24.02.2017 - 25.02.2017
24th Feb Horseback ride Lago Nordenskjöld/ Mt Almirante Nieto
We woke to a beautiful rainbow across the mountain behind us, very pretty and atmospheric. We had already been told that our horse ride to Lago Nordenskjöld had been moved from the afternoon to the morning, so we arrived at the meeting room at 9am. We went to their stables, just a 2 minute walk and found our horses; mine was called Tomato! The kit was similar to ours, apart from the stirrups (much larger and worn lower than we would) and a simpler bridle (you are meant to hold the reins in one hand only and use it to turn left or right; you other hand sat on your hip, saddle, or whatever). The banquerana (a girl) had a typical ‘saddle’ of a folded blanket held on by what can only be described as a belt and two ropes to hold a metal circle for a stirrup.

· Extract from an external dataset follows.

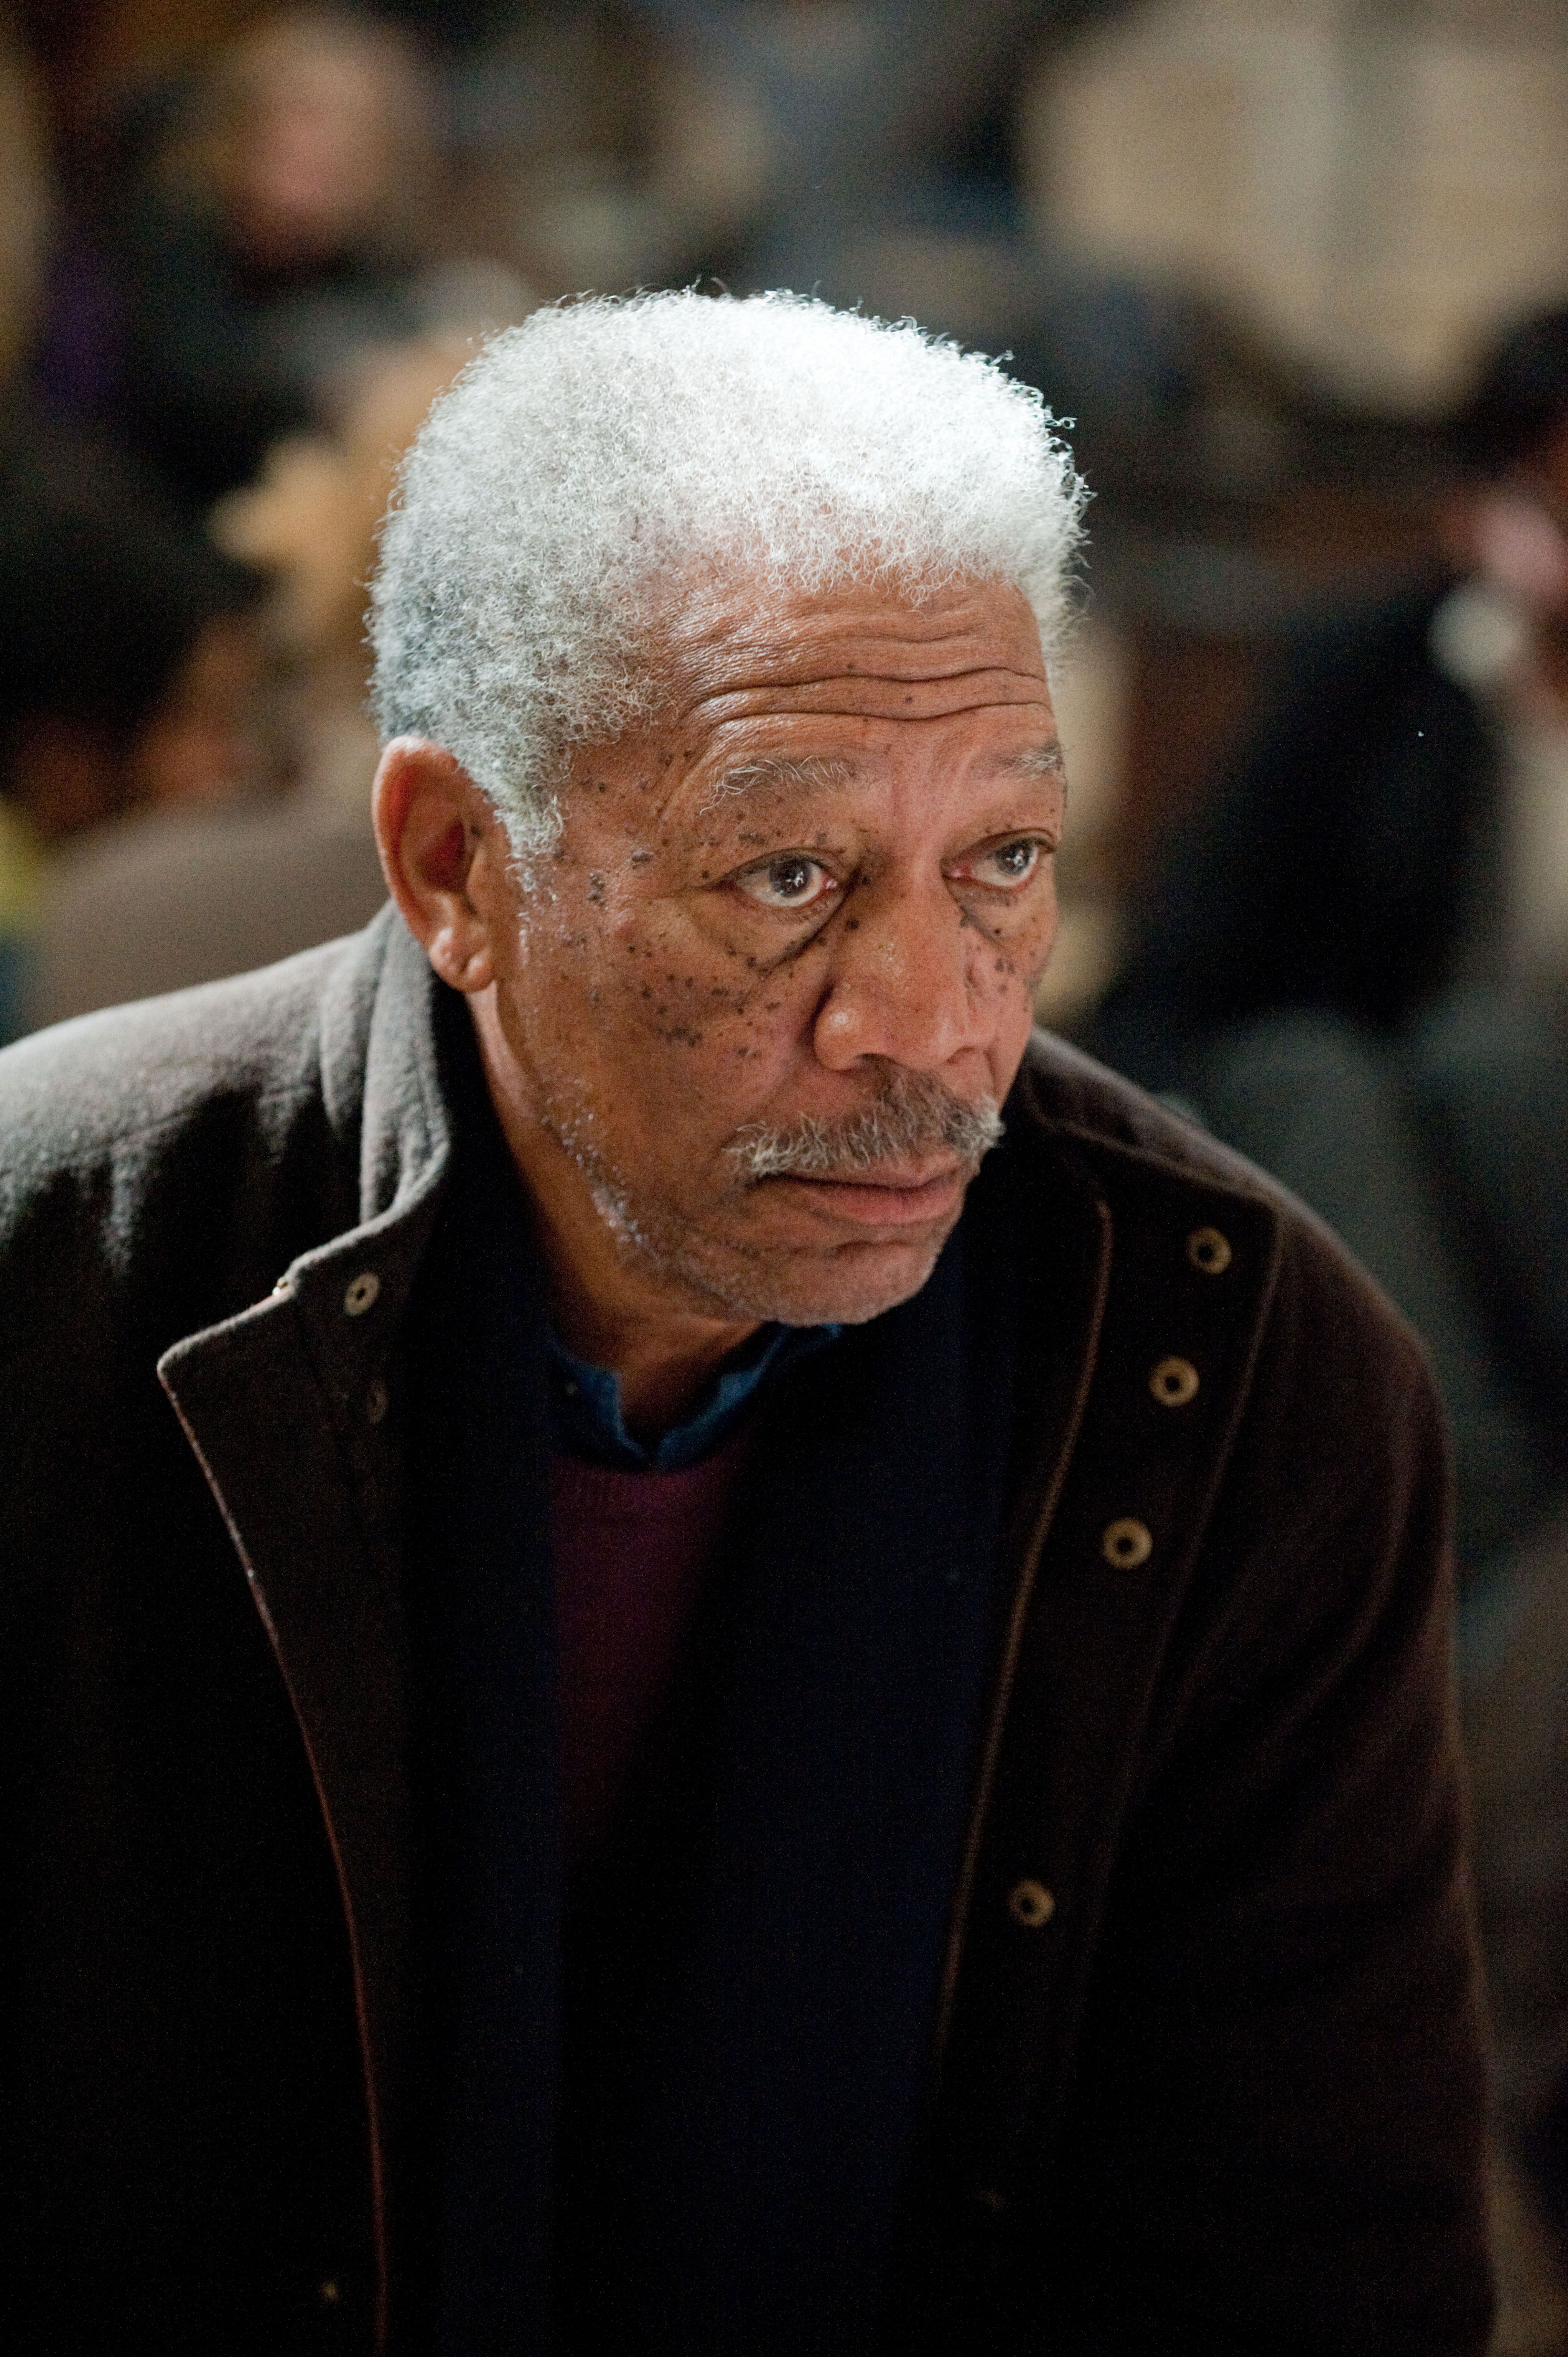 Morgan Freeman as Lucius Fox in 'The Dark Knight Rises'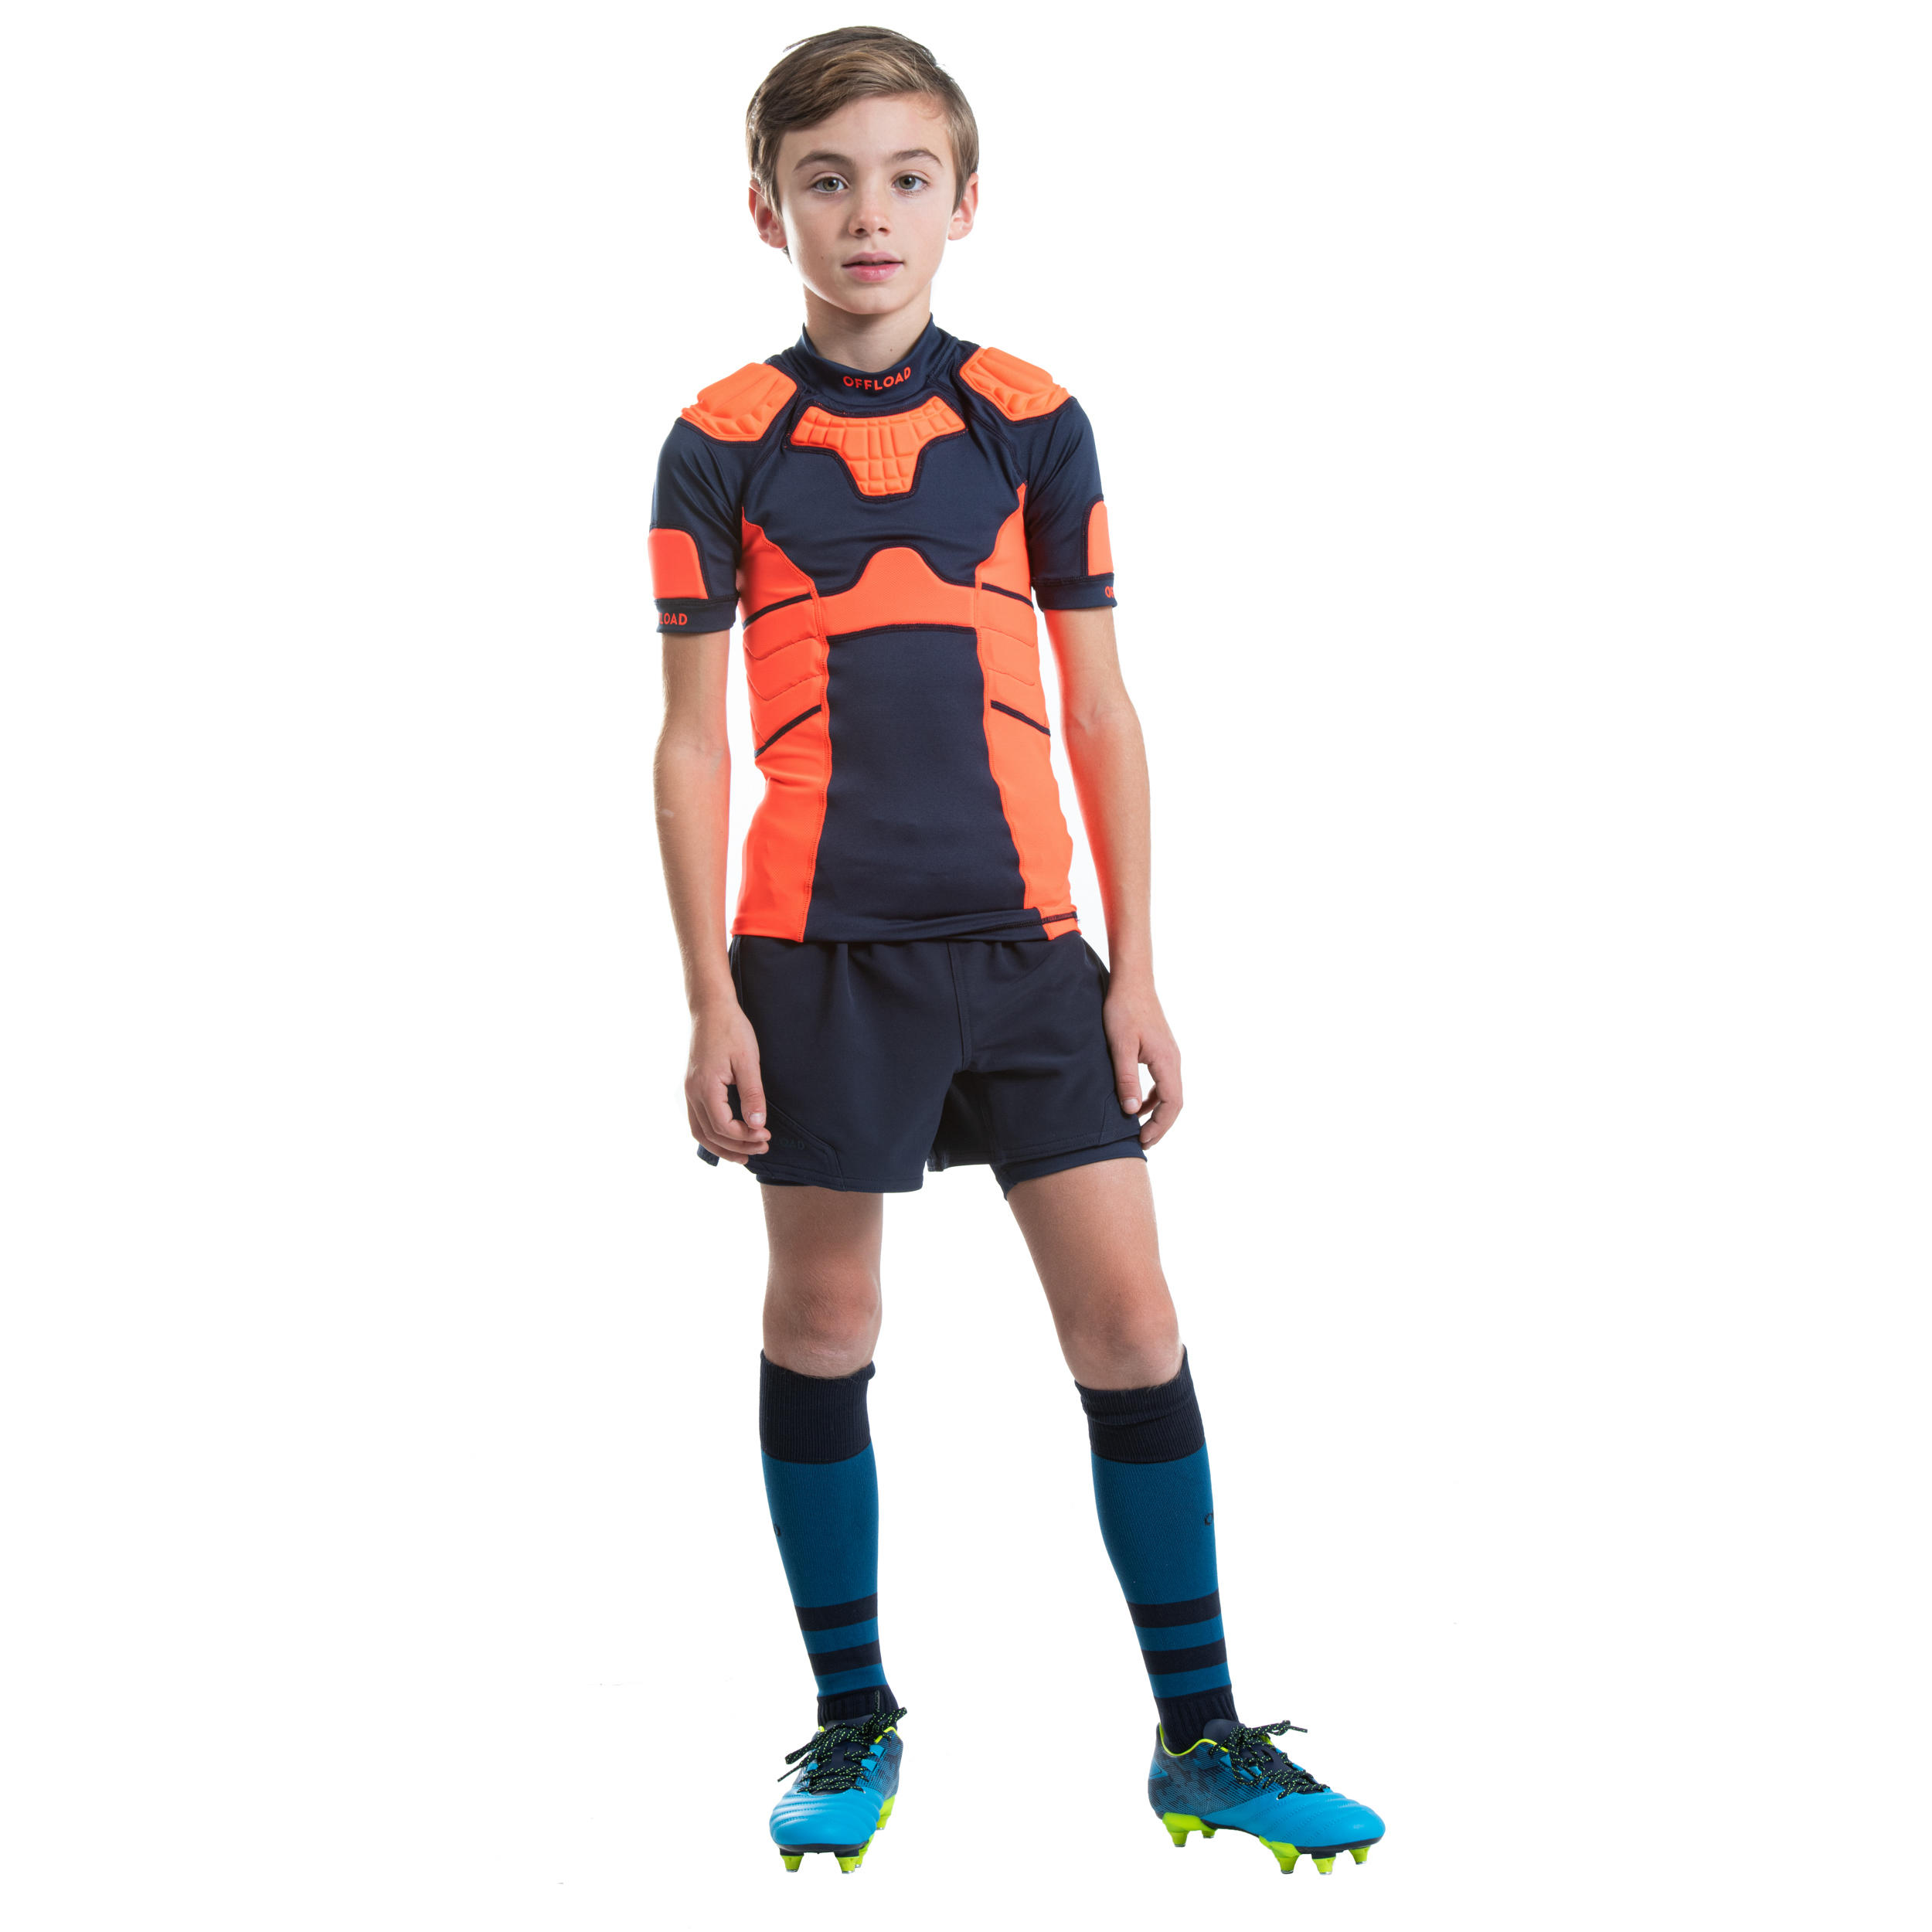 Kids' Rugby Shoulder Pad R500 - Orange 8/13

Baqueanos have a uniform of beret, baggy trousers, neckerchief, sash and all-purpose knife. As we headed along the guide explained about the horses and baqueanos at the lodge. Learn Patagonian cowboy ways with the baqueanos, who lead the Hotel Las Torres rides and look after the horses/ stables of Estancia Cerro Paine. During your time with these local vaqueros (descendants of horsemen who came to work in this remote region over 100 years ago), learn about their clothing, saddles and horse tack, and get a chance to share a mate (herbal tea from yerba mate leaves). Enjoy a typical breakfast of sopapiillas (type of bread) with pebre (Chilean condiment) and chat about Patagonian culture. The baqueanos demonstrate how to saddle and shoe a horse, and ride. If you have riding experience you can join them looking for the tropilla (horse herd). The herd is in 5 groups and each baqueano/a is responsible for 2 groups (2 or 3 baqueanos each group). They can choose 1 personal horse for each of their 2 groups. Towards the end of the 19th century, Torres del Paine started being explored by ‘Baqueanos’ (horsemen from southern Chile, commonly translated as Chilean cowboys). The Baqueanos were based around Punta Arenas and began exploring the region extensively in the 1870s on hunting quests, selling animals skins and feathers to colonials. One of the most famous Baqueanos was Santiago Zamora, known as ‘el baqueano Zamora’. Originally from central Chile, Zamora arrived in Punta Arenas in 1868 and integrated himself with colonists in the region. He spent his life exploring the region north of Punta Arenas, including Torres del Paine, acting as a guide for travellers and explorers. Other notable Baqueanos include Francisco Poivre and Augusto Guillaume (French), Guillermo Greenwood (English) and Avelino Arias, Luis Navarro and Juan Alvarado (Chilean). We rode through the bridleway of the W trail, crossing streams and rivers, past Nordenskjöld lake’s gorgeous north shore and up to a mirador on Monte Almirante Nieto, the glacier and snow-covered mountain that anchors the southeastern extreme of the Paine Massif.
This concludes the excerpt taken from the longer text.